The EU, however, opposes allowing an affiliated nonmember to cherry-pick terms of integration, despite new clamor in some member countries for such Swiss-style “direct democracy.” The Swiss government is thus now between that EU rock and hard place of a domestic mandate to revise only the immigration element of its bilateral European integration agreements. Switzerland is fond of the initiative instrument, and since 2000 six others have concerned immigration, but none has thrown as much sand into political gears. (California’s system of referendums and initiatives — such as the anti-immigrant Proposition 187 of 1994 — was established in 1911, and consciously adapted from Switzerland.)
Immigration is a key component of human history and today’s global economy, but immigration policymaking can be a political minefield where a single false step can spell disaster. Typical ideological categories fit poorly. Conservatives welcome imports of labor but not potentially associated cultural and social change. Liberals praise ethnic diversity and freedom of movement while fearing environmental and wage pressures. International migration usually yields overall net economic gains, but locally there are both losers and winners. Migration is risk-laden and can raise many anxieties, real and imagined. Finally, those most impacted tend to view migration in personal terms. Astute politicians carefully monitor resulting, sometimes heated, emotions.

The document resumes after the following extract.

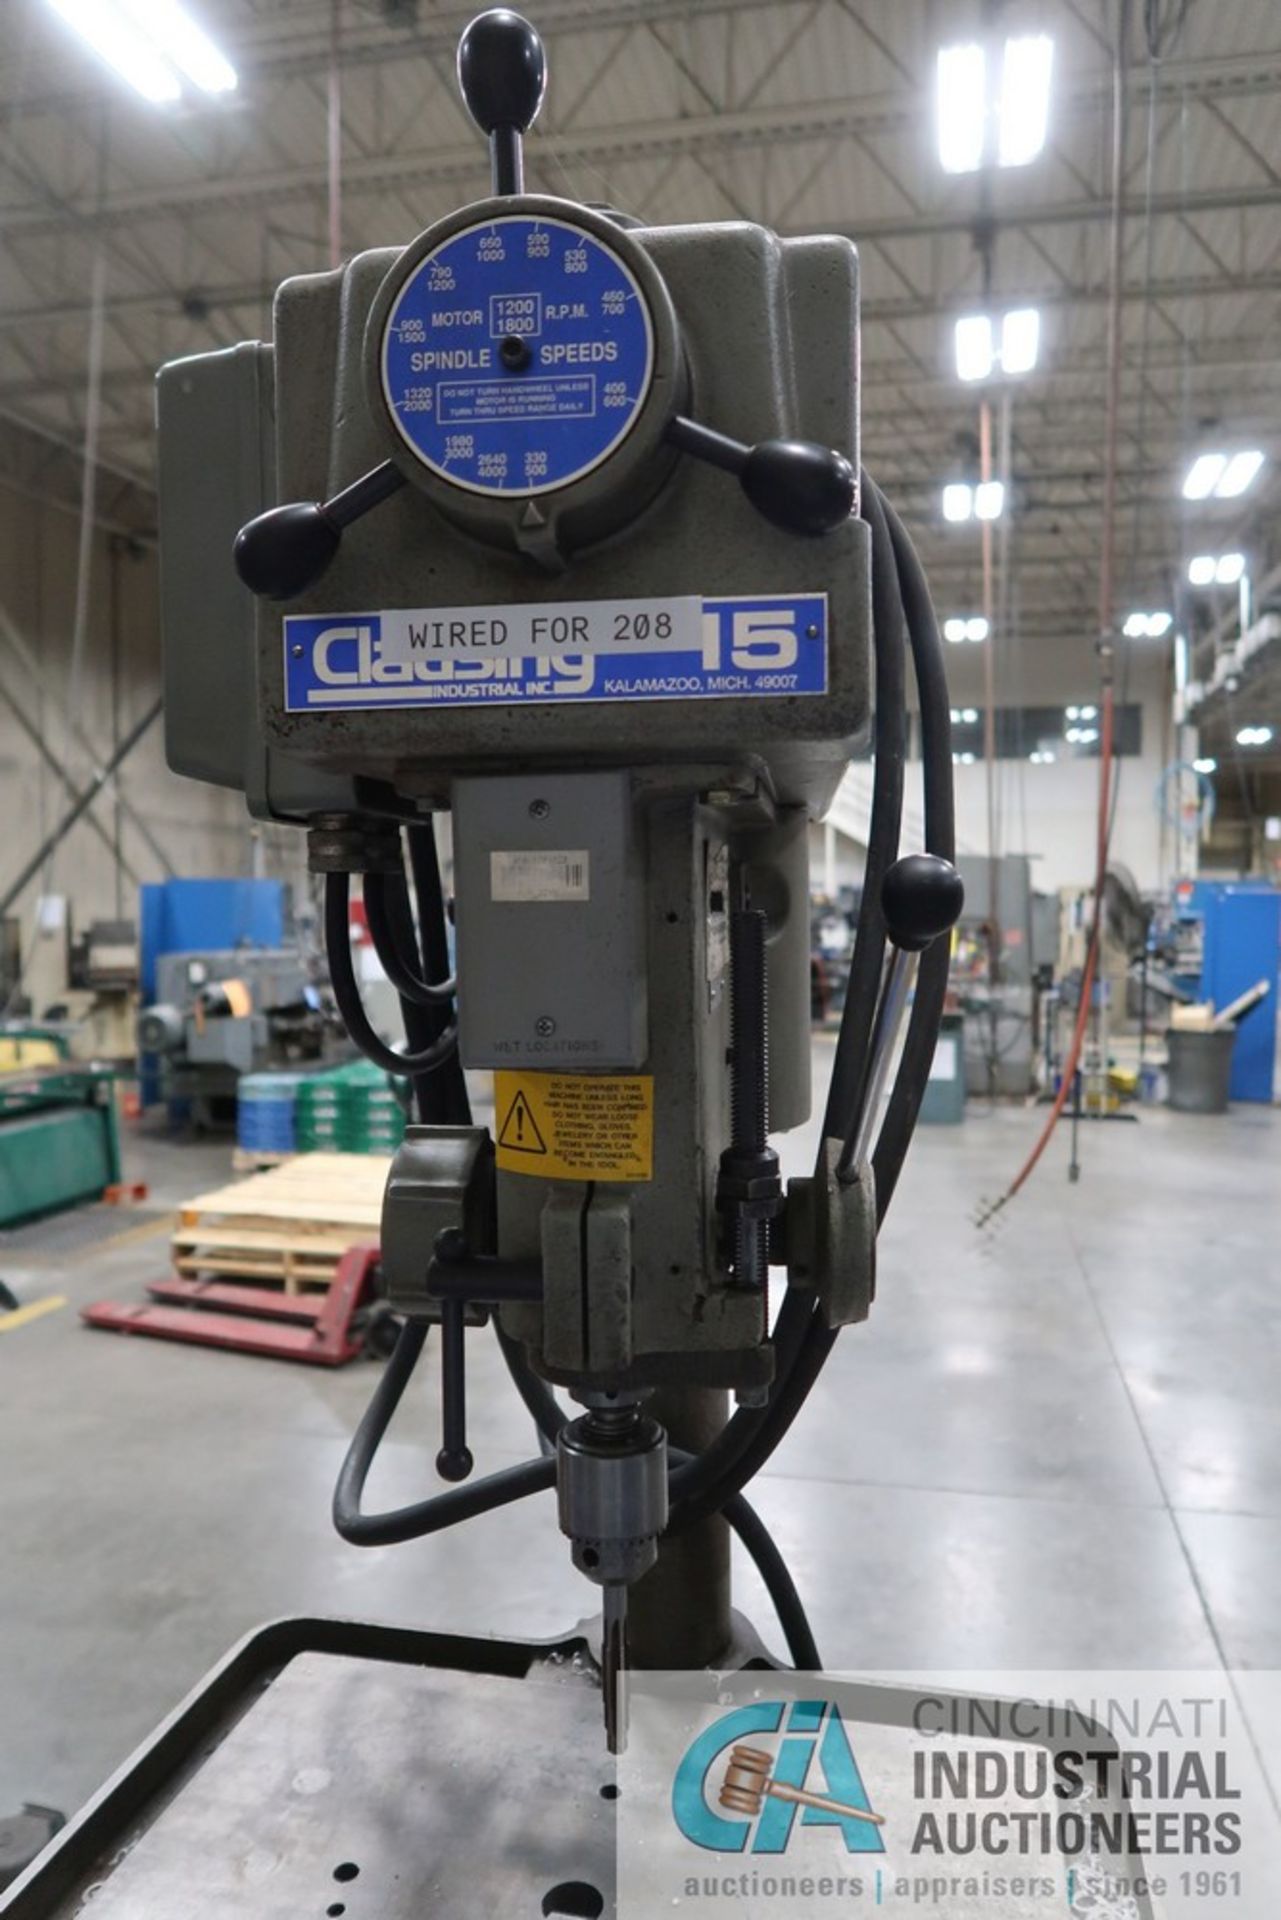 15" CLAUSING MODEL 1765 PRODUCTION TABLE DRILL; S/N 15-535463, 300-4,000 SPINDLE RPMS - Image 4 of 6

The historical effectiveness of migration controls is often overrated, and jobs and family networks underrated. During the early 1900s, when a transatlantic steerage ticket cost about three weeks U.S. wages, and 1 percent of U.S. arrivals were rejected, immigration relative to population was not much higher than today. During the 1908 recession there was a net outflow to Europe (and century later, following the 2008 financial crash, to Mexico).